I want to summarize the plan at a really high level, then dive in a bit deeper. Keep in mind that I have a single all-in-one master using r10k and my plan does not address multi-master or split deployments. Both of those deployment models have significantly different upgrade paths, please be careful if you try and map this outline onto those models without adjusting. For the all-in-one master, it’s pretty simple:

  • Backup old master
  • Deploy a new master VM running EL7
  • Complete any bootstrapping that isn’t part of the backup
  • Install the same version of PE
  • Restore the old master’s backup onto the new master
  • Run puppet
  • Point agents at the new master

I will cover the backup/restore steps at the end, so the first step to cover is deploying a new master. This part sounds simple, but if Puppet is currently part of your provisioning process and you only have one master, you’ve got a catch 22 situation – new deployments must talk to puppet to complete without errors, and if you deploy a new puppet master using the same process, it will either fail to communicate with itself since PE is not installed, or it will talk to a PE installation that does not reflect your production environment. We need to make sure that we have the ability to provision without puppet, or be prepared for some manual efforts in the deploy. With a single master, manual efforts aren’t that burdensome, but can still reduce accuracy, which is why I prefer a modified automated provisioning workflow.
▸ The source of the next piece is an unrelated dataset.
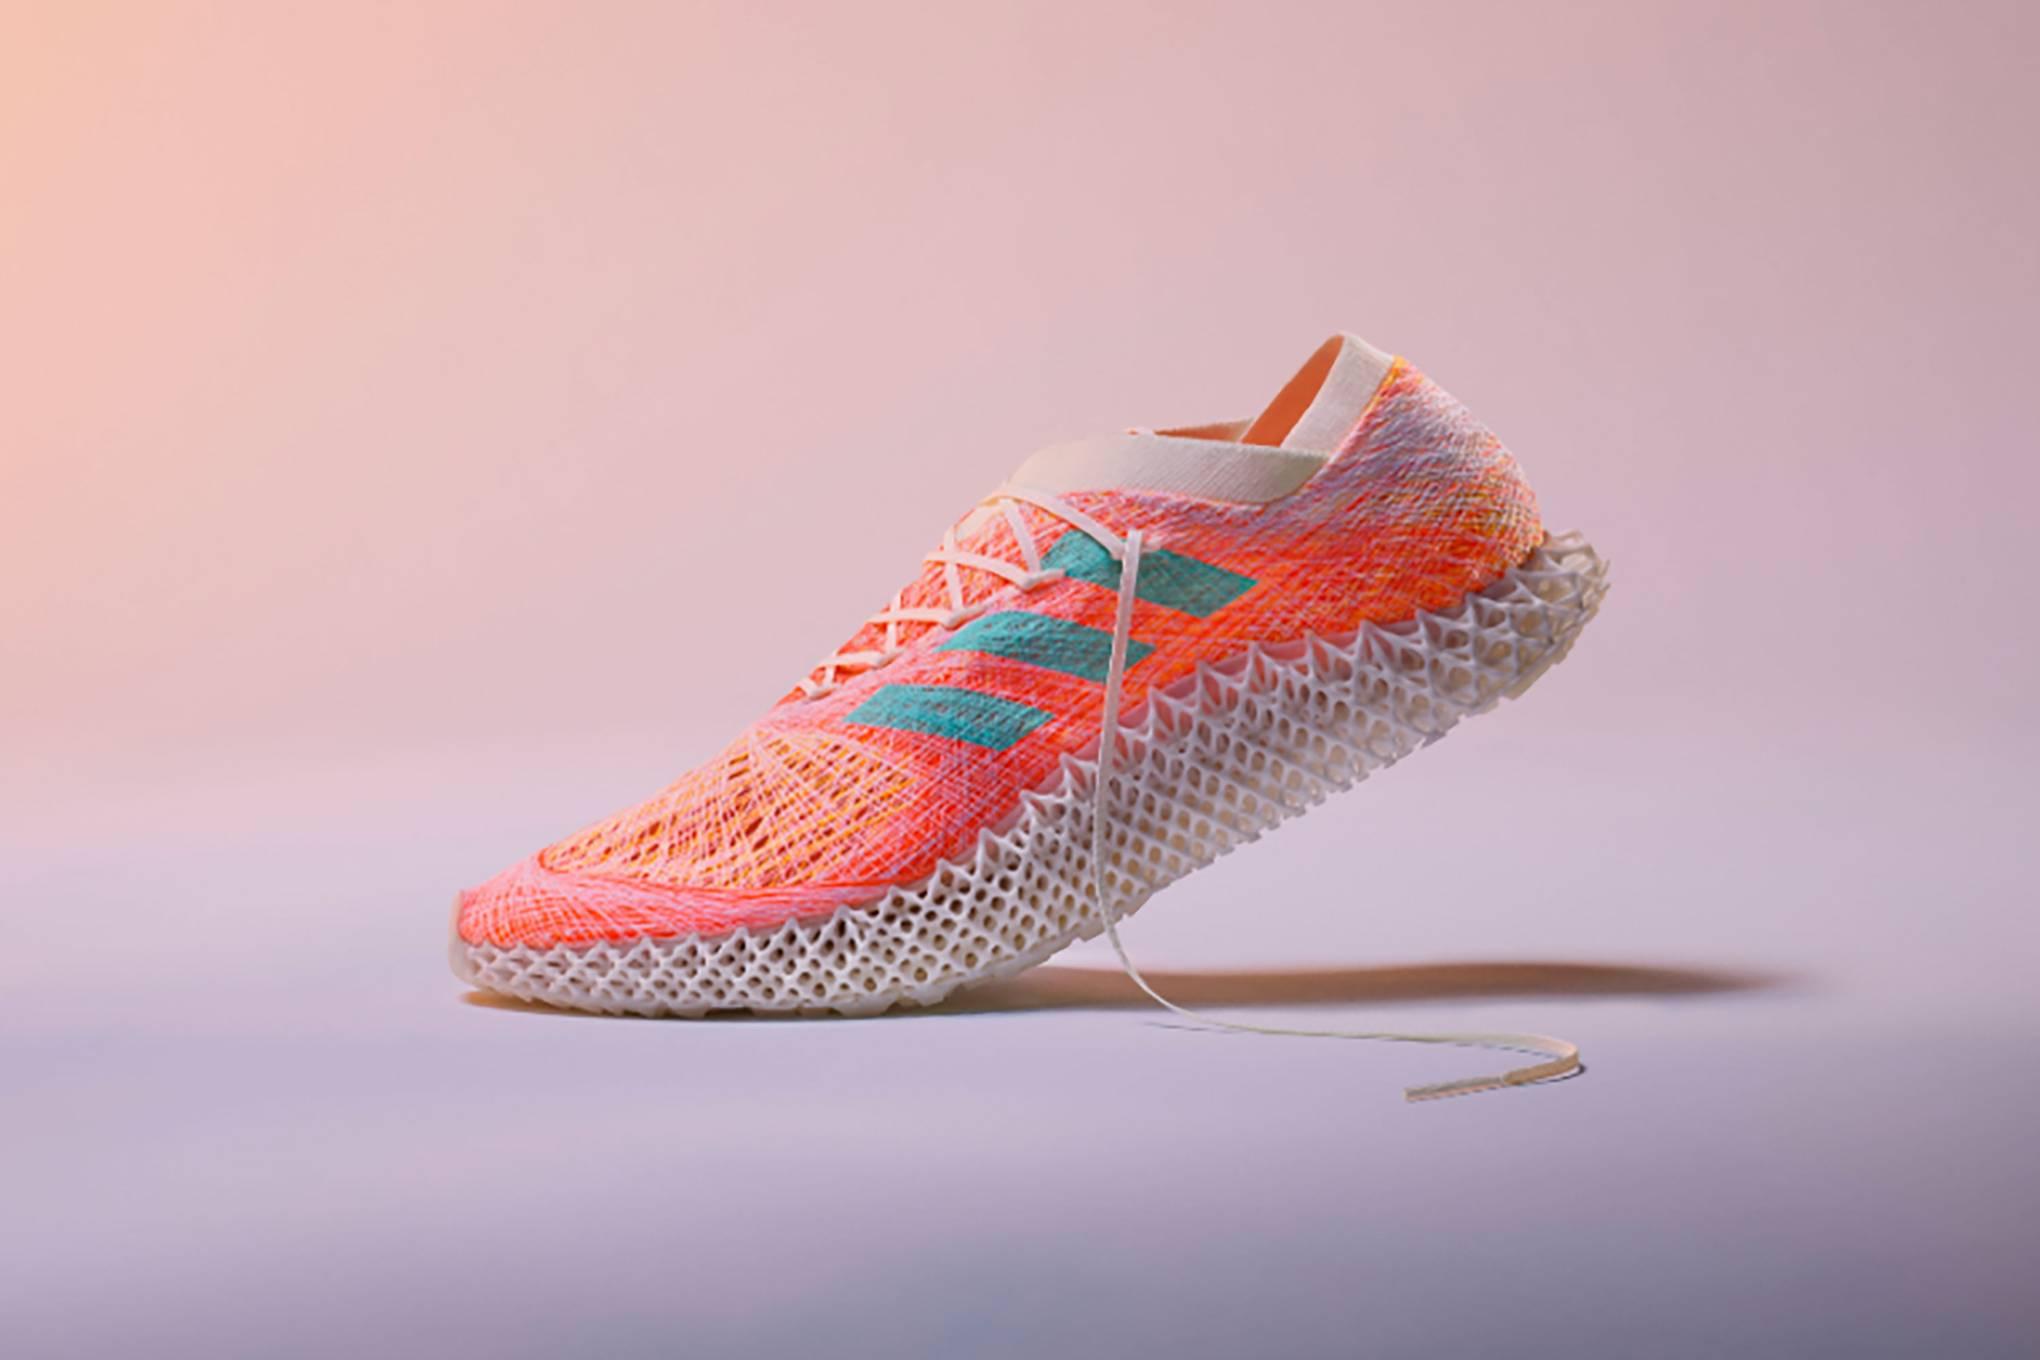 chaussure sentrale adidas

A lot of bootstrapping – specifically hiera and r10k/code manager – should be handled by the restore. There were just a few things I needed to do:

  • Run ssh-keygen/install an existing key and attach that key to the git system. You can avoid this by managing the ssh private/public keys via file resources, but you will not be able to pull new code until puppet processes that resource.
  • SSH to your git server and accept the key. You can avoid this with the sshkey resource, with the same restriction.
  • Check your VMs default iptables/selinux posture. I suggest managing security policy via puppet, which should prevent remote agents from connecting before the first puppet run, but it’s also possible to prevent the master from communicating with itself with the wrong default policy.
  • Check the hostname matches your expectations. All of /etc/hosts, /etc/hostname, /etc/sysconfig/network should list the short and FQDN properly, and hostname; hostname -f should return the same values.¬†/etc/resolv.conf may also need the search domain. Fix any issues before installing PE, as certs are generated during install, and having the wrong hostname result can cause cascading faults best addressed by starting over.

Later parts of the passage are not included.